Methods. Serum concentrations of free thyroxine (T4) and free triiodothyronine (T3), measured by enhanced chemiluminescence immunoassay, and thyroid-stimulating hormone (TSH) were compared in undialysed (n=22) and haemodialysed patients (n=85). The response of the serum TSH concentration to exogenously administered thyrotropin-releasing hormone (TRH) and circadian variation in serum TSH were also studied in the two groups.
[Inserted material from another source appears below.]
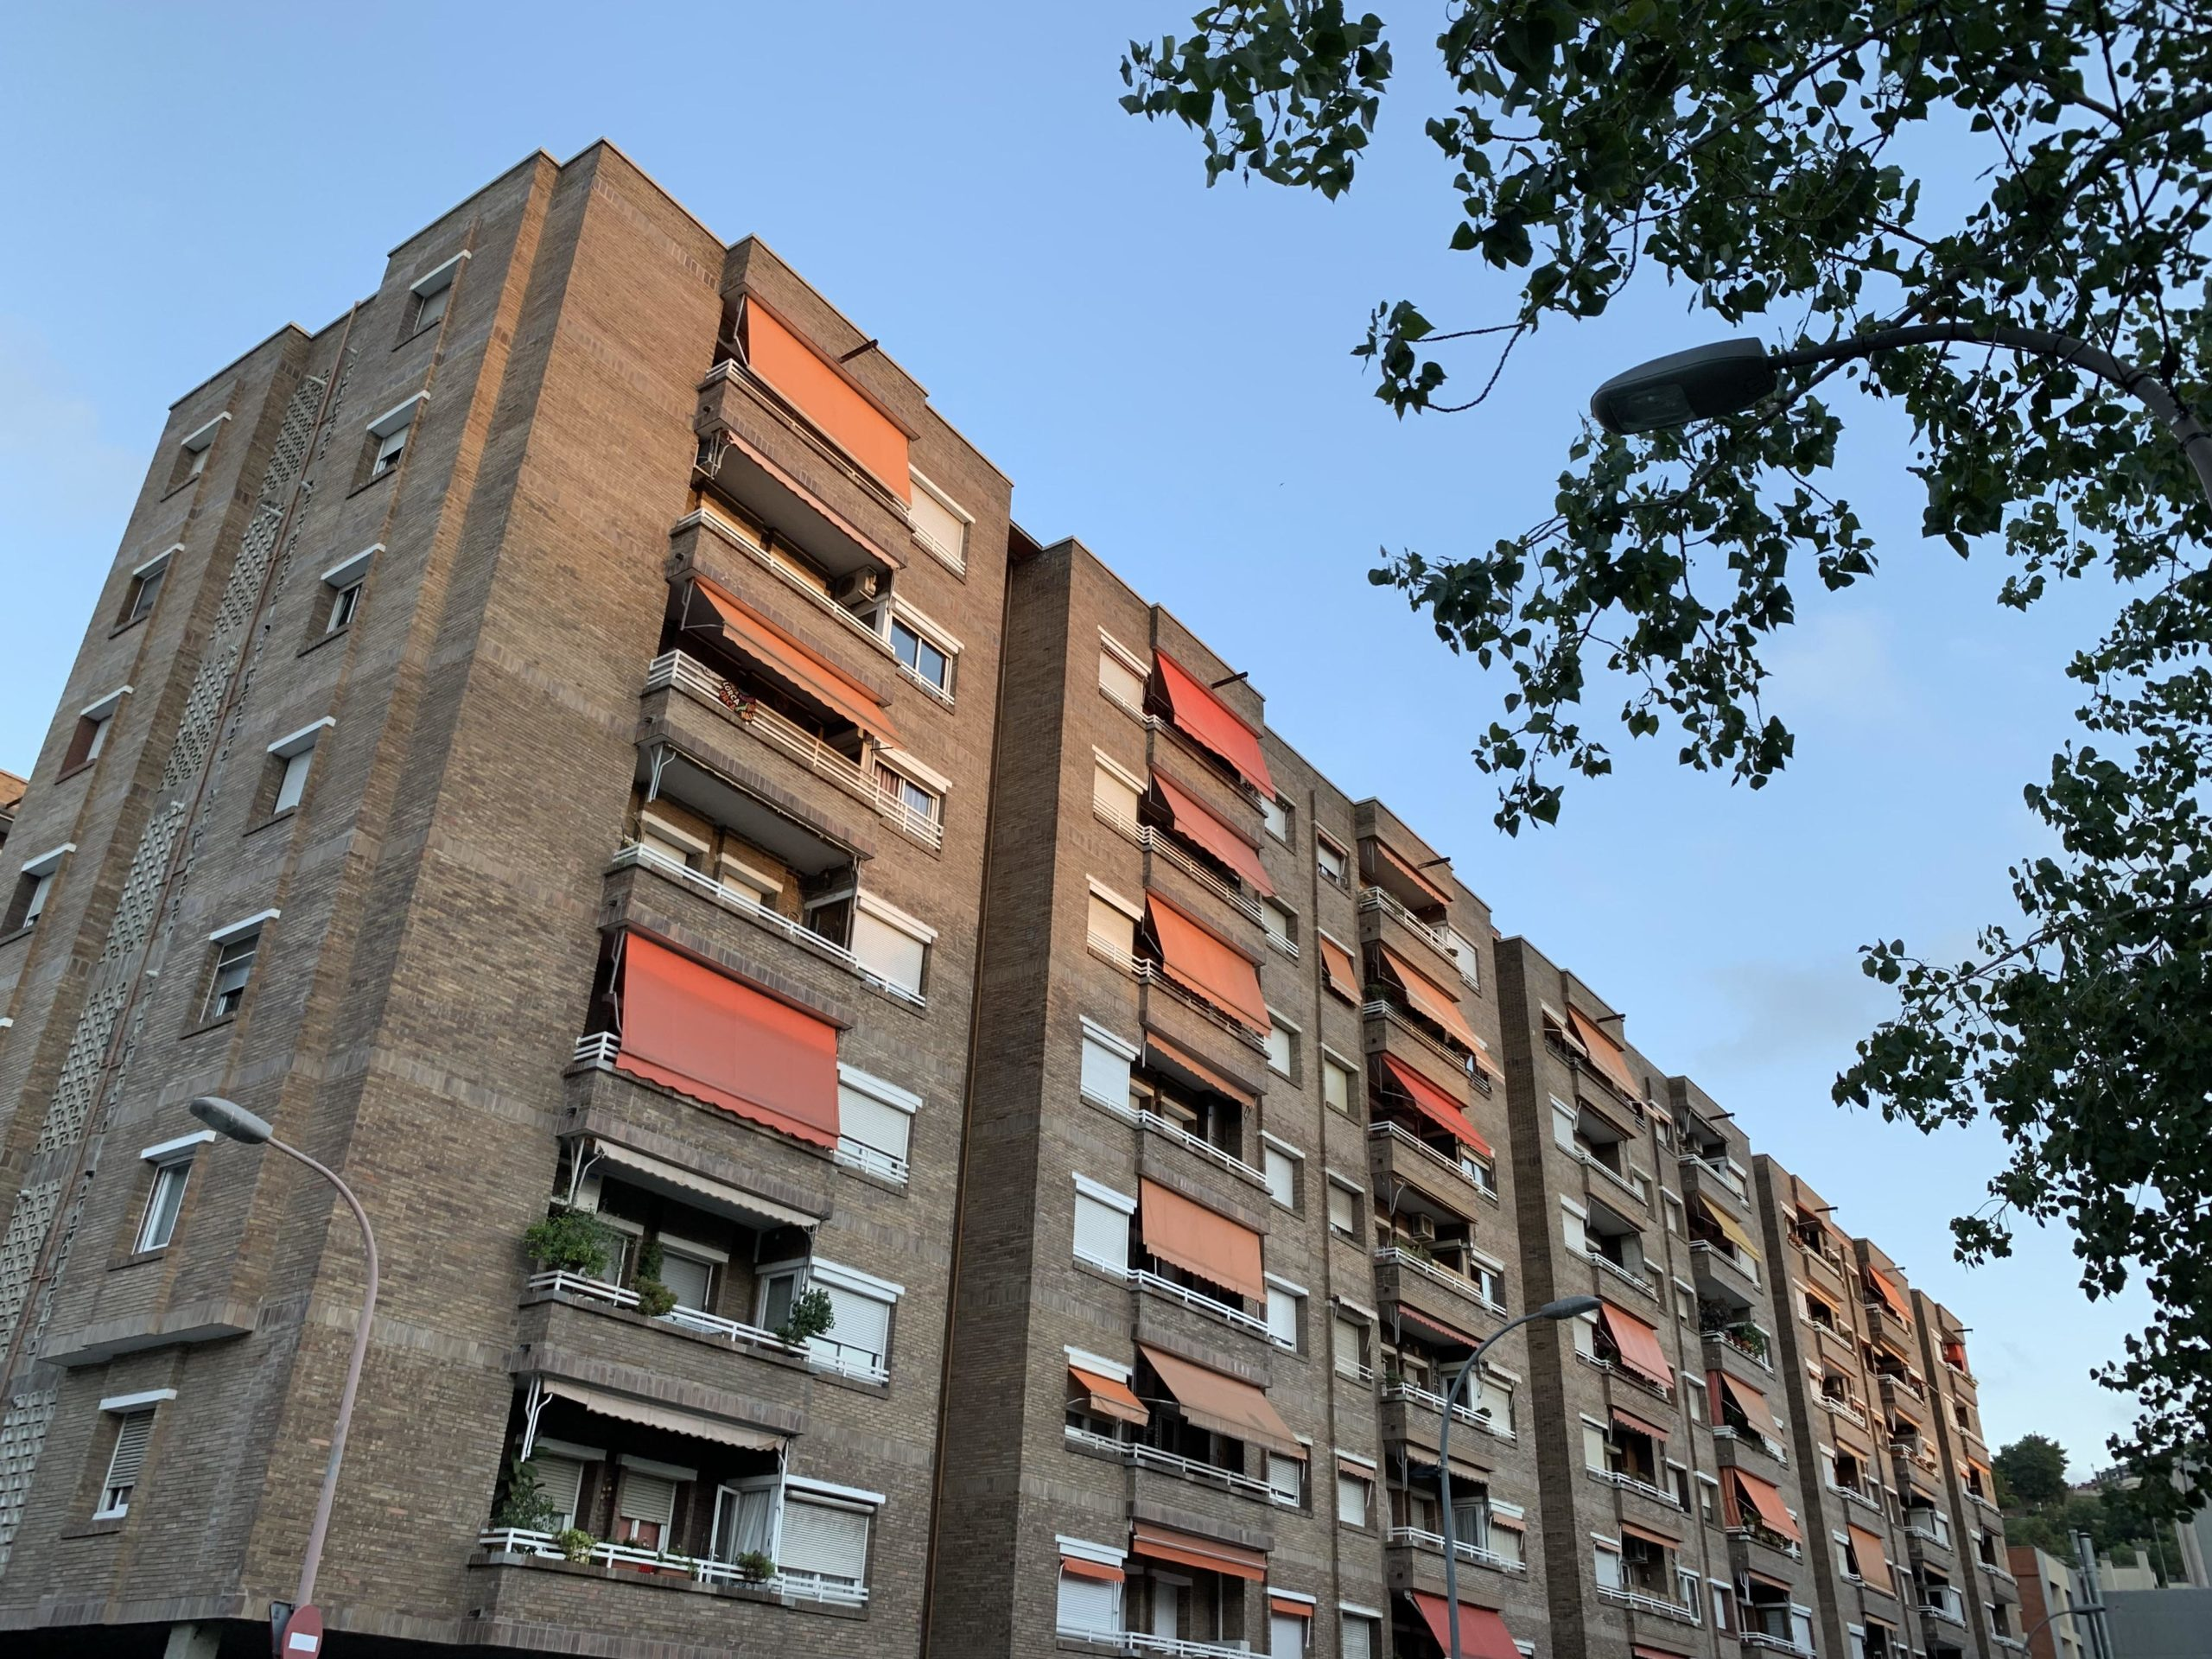 Pisos de Barcelona, amb tendals als balcons, un dels elements que poden fer desistir els lladres escaladors / S.B.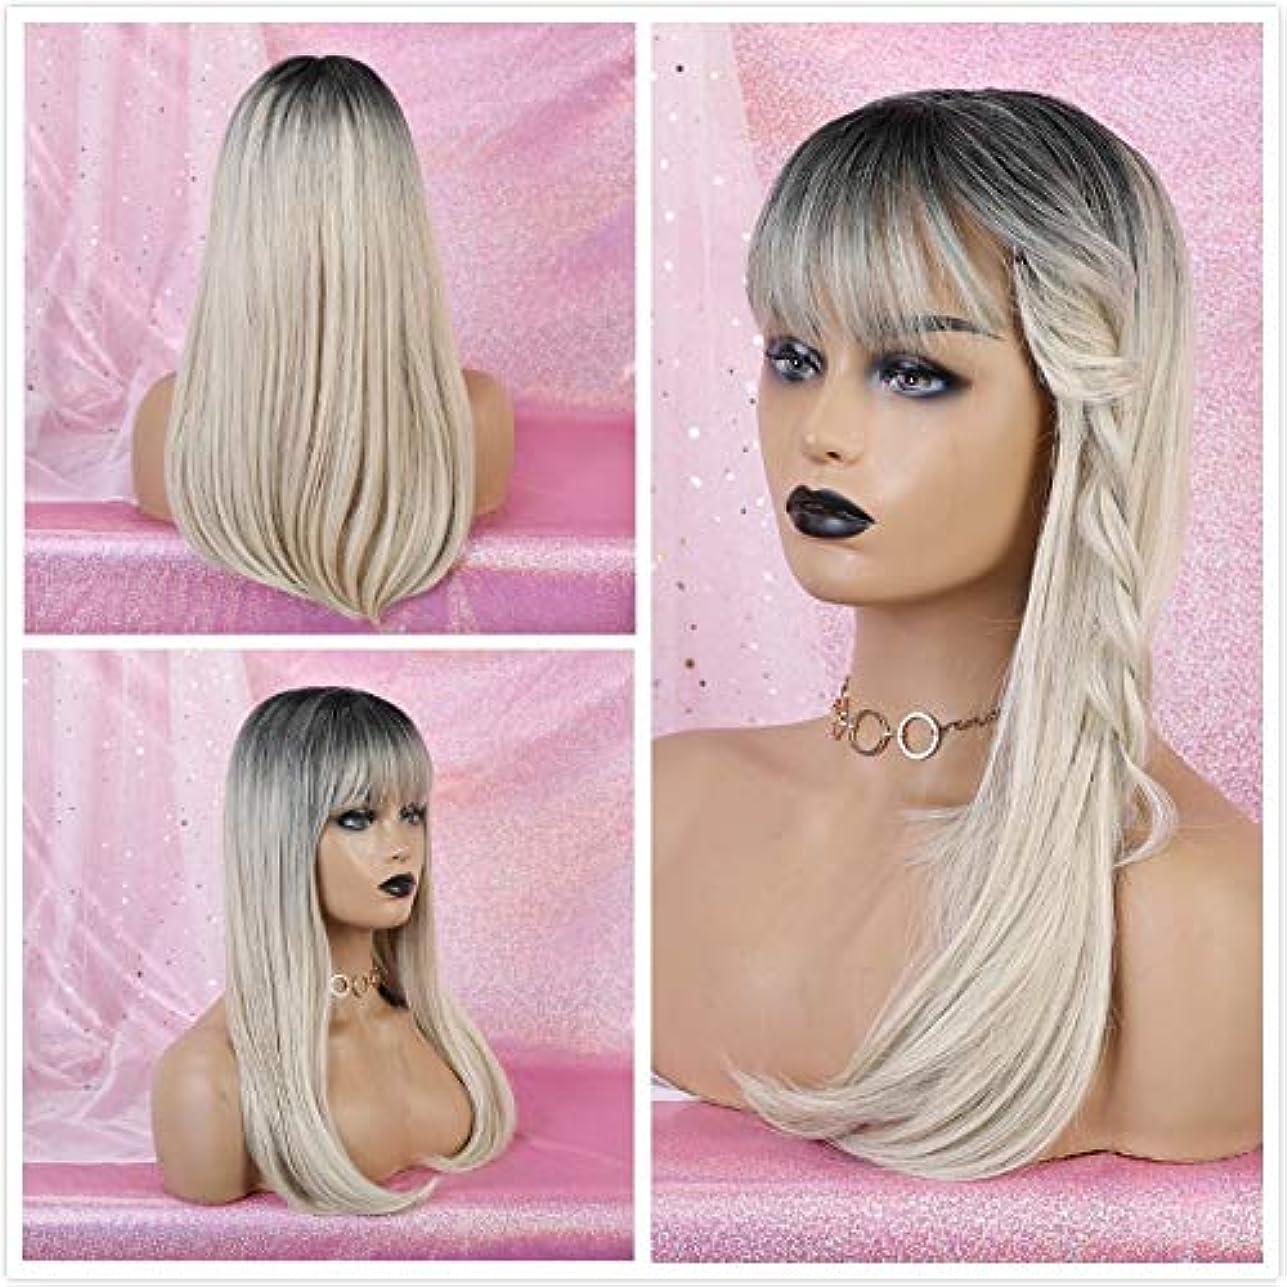 爆弾明らかにギネス女性の好きなウィッグ 黒人女性アフロストレートナチュラルパーティー偽毛かつら用前髪コスプレの合成とALAN EATONロングオンブルブラウンブロンドウィッグ (Color : Lc167 4)

Results. Serum free T4 concentration was significantly lower in haemodialysed than in undialysed patients (1.02±0.02 vs 1.33±0.06 ng/dl, P<0.0001). Serum concentrations of free T3 and TSH were essentially the same for the two groups. The response of serum TSH concentration to TRH was basically the same. Serum TSH concentration in undialysed patients during the night and in the morning were 142.4±15.4% and 121.7±4.1% of that during the day, the differences being significantly different. A nocturnal surge of TSH was not observed in haemodialysed patients.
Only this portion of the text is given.